決して不老不死になるわけではないだろう。しかし、権力に固執する者は、そのちからに夢を見るはずだ。
「星の民は王位には就けない。側室に迎えたところで、意味はない。ましてそこに愛はないのだから」
それでも王は、鈴懸を側室にした。
息子への『報復』と、少女の能力のために。
「自分の行動が父に筒抜けだったことに、私はその時初めて気付いた。間抜けな話だ。どこかで父を信じたかったのかもしれない」
しかしその甘さが鈴をこんな目に遇わせたのだ、と飛鷹王子は唇を噛む。
「父は鈴を暗い部屋に閉じ込めた。私は当然、会わせてもらえなかった。父は毎晩、鈴の元を訪れて言ったという。『息子に捧げたものを、私にも捧げろ』と」
鈴懸にとってそれは、不可能なことだった。いくら頭でそれを願っても、心のいちばん奥をコントロールすることはできない。
「何度か、周りの目を盗んで鈴と会った。鈴の能力がそういうものであることはわかっていた。痺れを切らした父が鈴に何をするか、それが恐ろしかった。王宮から逃げようか、と話したこともあった」
「それをナツのクラスメイトの精霊が見てたんだよな」
そこで日向が口を挟んだ。
雀の精霊が『駆け落ちをしよう』などと話す飛鷹王子と少女の姿を見ていた。

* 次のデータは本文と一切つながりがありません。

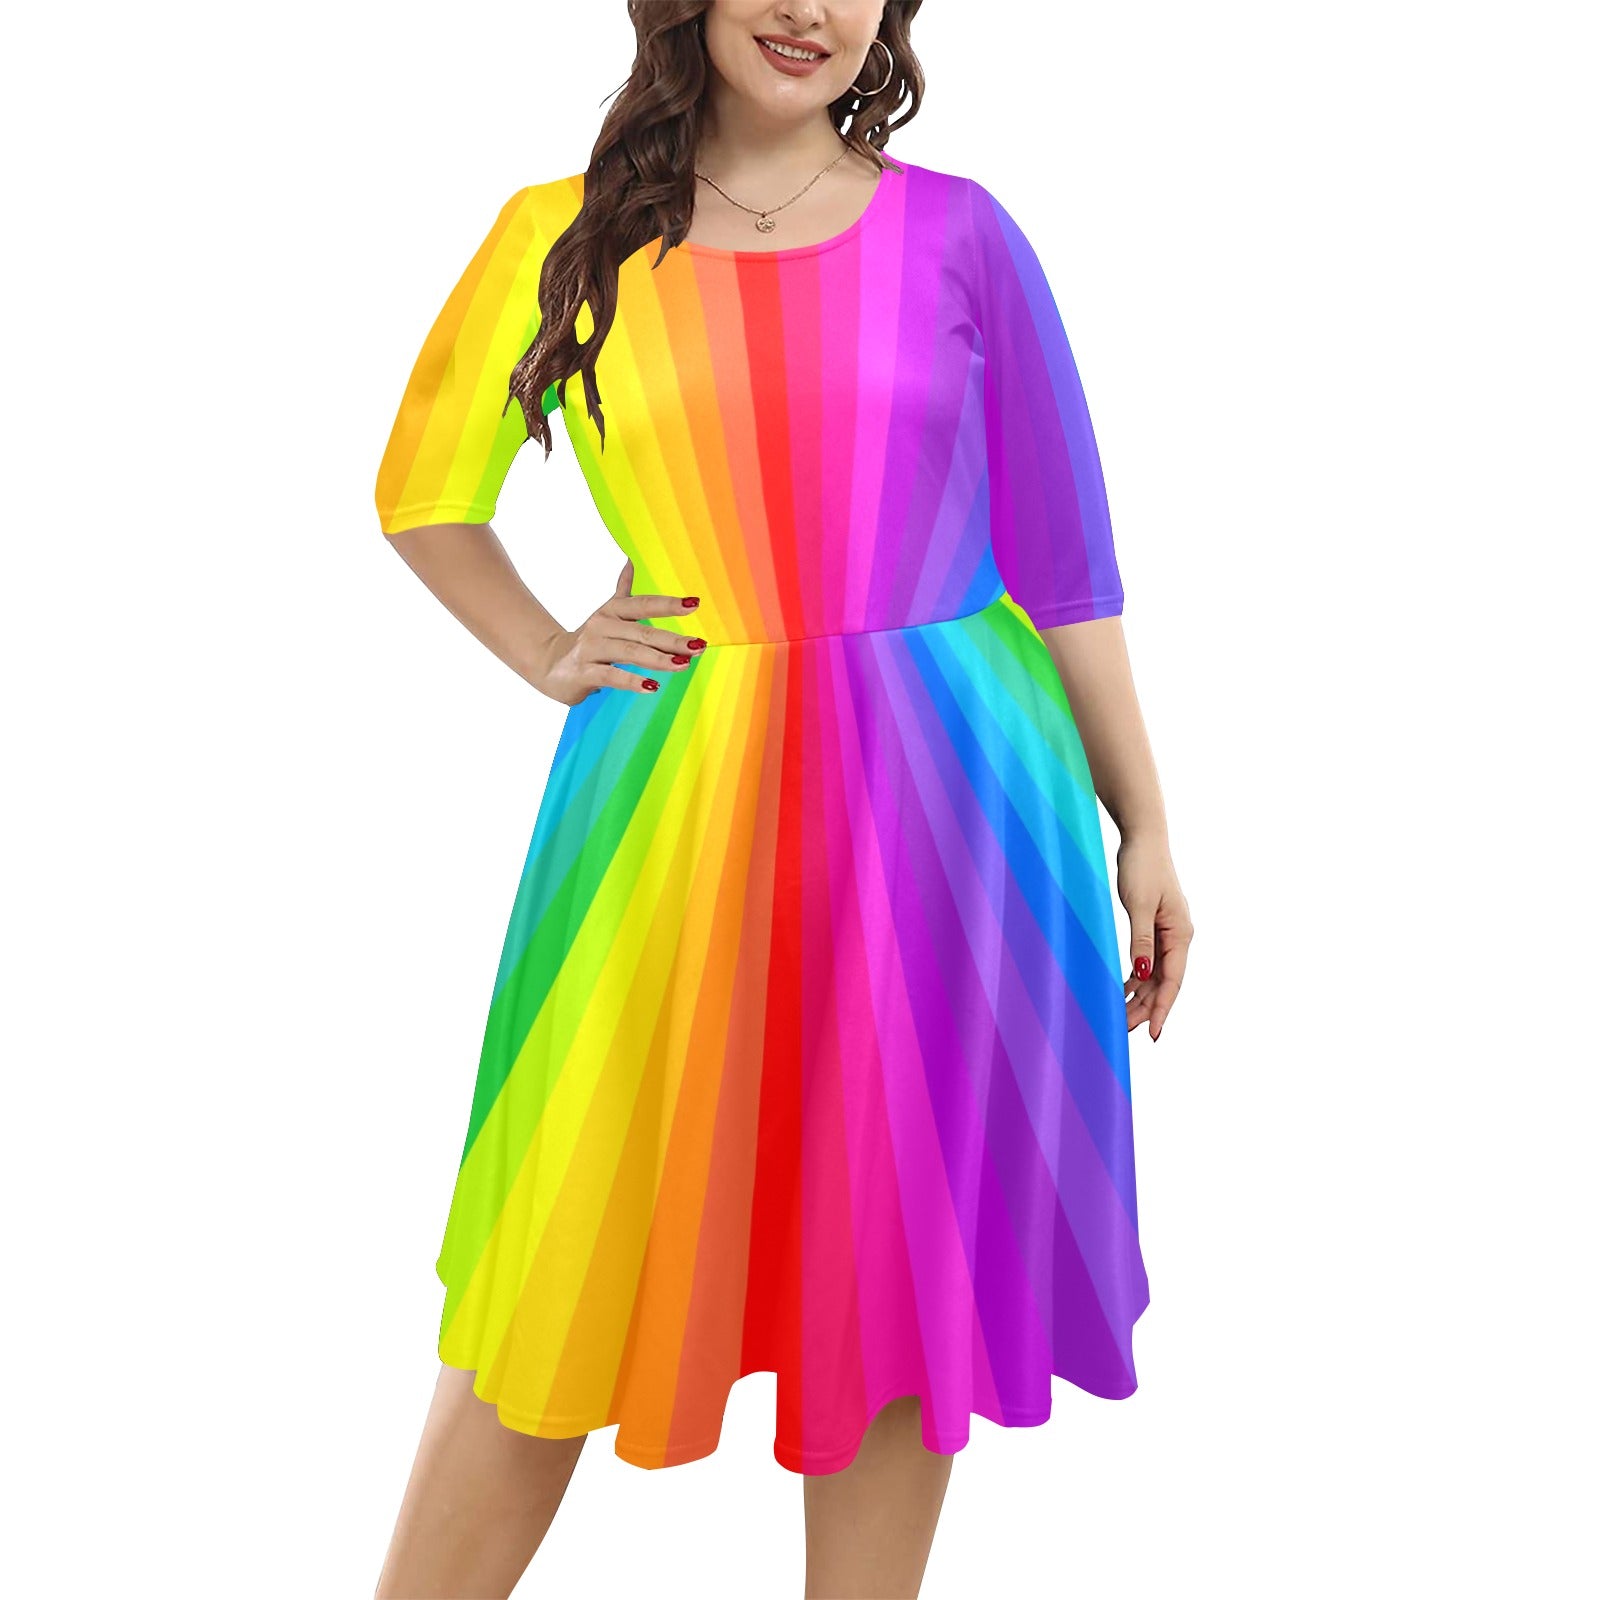 Rainbow Dress With sleeves

それを日向はパーティーの日に聞いていたのだった。
「その時は、まだ非現実的な話だったのだが――」
「自分になびかない鈴を、あのジジイは処刑するっつったんだよ」
まるで見てきたように憎々しげな表情で、日向がその先を引き取った。
「処刑、って……」
早瀬が腰掛けていたソファから立ち上がる。
この国に死刑制度は存在するが、よほどの凶悪犯罪か、王族殺しなど、めったなことでは求刑、執行されない。
王の機嫌を損ねただけで処刑されるなど、前代未聞だ。
いや、もしかすると明るみに出ていないだけでこれまでも秘密裏に行われていたのかもしれない――王族、そして議会への不信が二人の胸に押し寄せた。
「命だ。まして、愛する者の命だ。それと計りにかけて、優先すべきものなど私には持っていない。王位継承権も、鈴の命に比べれば」
真っ直ぐに早瀬を見つめ訴える飛鷹王子。
その思いに、早瀬が共感できないはずがなかった。
そしてそれは、日夏も同じだ。
「命より重いものなんてないと、わたしも思う。――だけど、どうしてわたしたちのところへ……?」
話しながら思い出したように、日夏は尋ねる。